The Yeniseians appear closely related to other indigenous Siberians and Native Americans. They display a high frequency of paternal haplogroup Q-M242.

According to a 2016 study, the Ket and other Yeniseian people originated likely somewhere near the Altai Mountains or near Lake Baikal. It is suggested that parts of the Altaians are predominantly of Yeniseian origin and closely related to the Ket people. The Ket people are also closely related to several Native American groups. According to this study, the Yeniseians are linked to the Paleo-Eskimo groups.
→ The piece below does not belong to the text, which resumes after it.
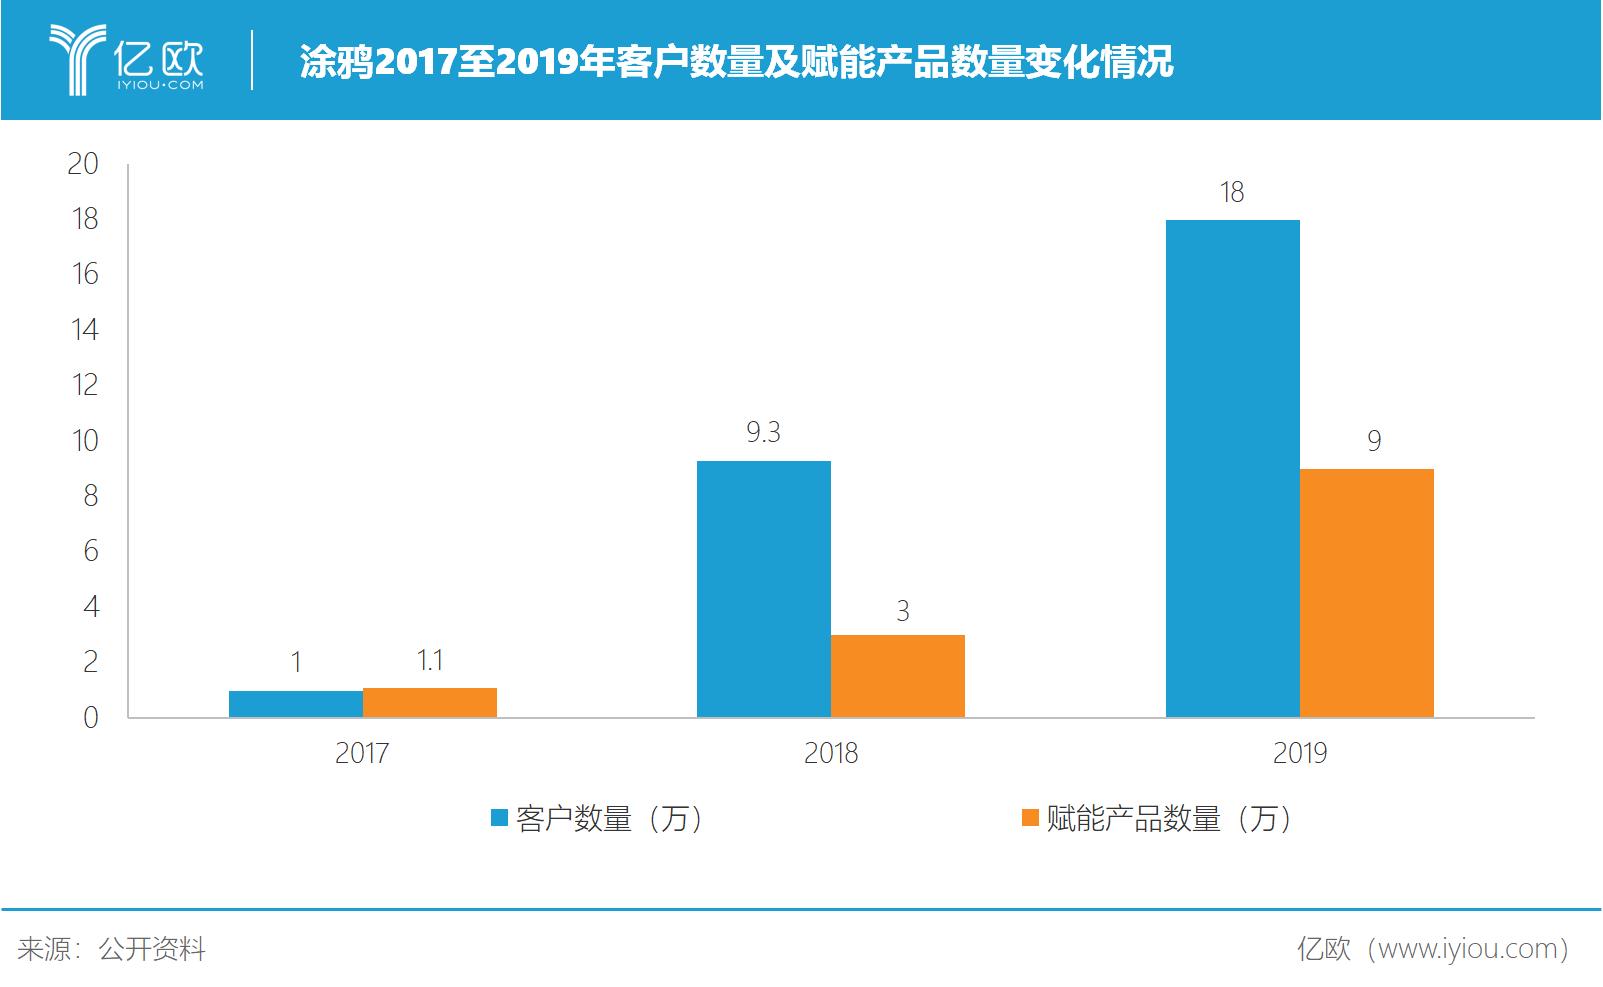 涂鸦2017至2019年客户数量及赋能产品数量.png
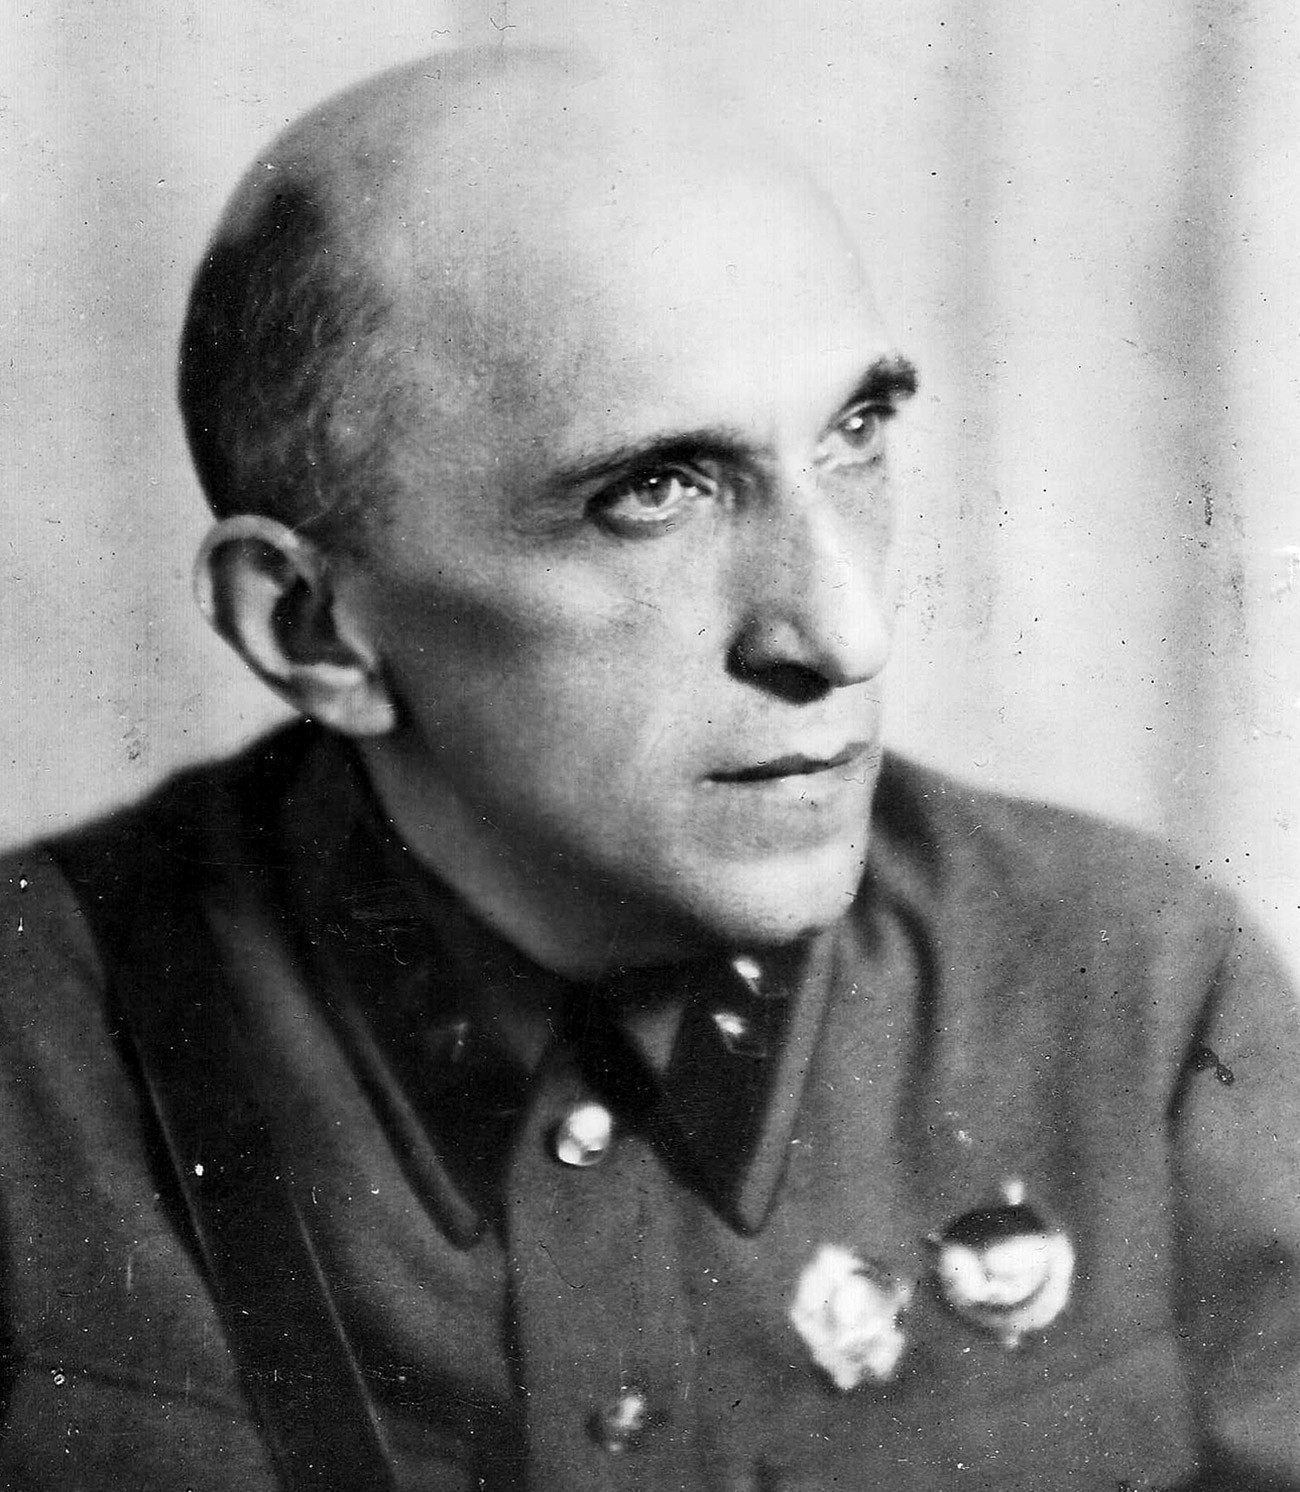 Јаков Исакович Серебрјански, 1941.

The ancestors of Yeniseian peoples may have been related to the Syalakh culture of ancient Yakutia. Yeniseian people, specifically Ket, also show high amounts of affinity towards Tuvans and other peoples of Siberia, suggesting that Yeniseian ancestry can be linked to Paleo-Siberians, which replaced previous Upper-Paleolithic Siberians (Ancient North Eurasian) as the dominant population, and were subsequently largely assimilated by Neo-Siberians from Northeast Asia.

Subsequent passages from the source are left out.